Fig. 13 — Effects of baicalin on the expression of type I interferon-related genes in vitro. Chicken embryonic kidney cells were incubated with infectious bronchitis virus (IBV) at a concentration of 100 TCID₅₀ at 37 °C for 2 h. Cells were then incubated with 10 and 20 µg/mL baicalin for 36 h. Chicken embryonic kidney cells treated with M199 and 100 TCID₅₀ IBV were used as controls. Expression of MAVS, MDA5, TBK1, TLR3 and NF-κB was detected at transcriptional (A). MAVS, MDA5, TBK1, TLR3, p65, p-p65, IκB-α,p-IκB-αwas detected at translational (B) levels. Protein concentrations were measured using ImageJ software (C). Data are presented as mean ± standard deviation. *p < 0.5, **p < 0.1, ***p < 0.05. The symbols “+” and “−” in the figures indicate the addition and absence of components respectively.

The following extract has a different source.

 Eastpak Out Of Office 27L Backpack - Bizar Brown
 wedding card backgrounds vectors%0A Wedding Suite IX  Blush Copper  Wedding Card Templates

MAVS is located in the outer mitochondrial membrane²⁰, and its overexpression contributes to the maintenance of mitochondrial homeostasis¹⁷. As a typical coronavirus, IBV invades cells and targets the mitochondria, disrupting mitochondrial homeostasis and function²¹. We found that baicalin can reduce damage to mitochondrial function caused by IBV in CEK cells, potentially through upregulation of MAVS expression. Further research showed that in MAVS-knockdown cells, the effect of baicalin on maintaining mitochondrial homeostasis was significantly diminished, confirming the important role of MAVS in this process (Fig. 7). This result also indicated that disrupting mitochondrial function is a key feature of coronaviruses, and maintaining mitochondrial homeostasis via MAVS is an important mechanism underlying the anti-IBV activity of baicalin. Our findings demonstrate that baicalin treatment at 20 µg/mL moderately enhanced ATP production and oxygen consumption rate (OCR) even under MAVS knockdown conditions. This observation suggests that baicalin-mediated maintenance of mitochondrial homeostasis may involve mechanisms independent of the MAVS signaling axis. The residual mitochondrial protective effects could stem either from its well-documented antiviral activity (potentially reducing viral load) or through modulation of alternative mitochondrial regulatory pathways that bypass MAVS-dependent mechanisms. While our study could not definitively establish the mechanism underlying baicalin’s ability to mildly upregulate ATP synthesis and OCR post-MAVS knockdown, we subsequently investigated baicalin’s interaction with mitochondrial outer membrane-localized genes that functionally associate with MAVS and participate in mitochondrial homeostasis regulation.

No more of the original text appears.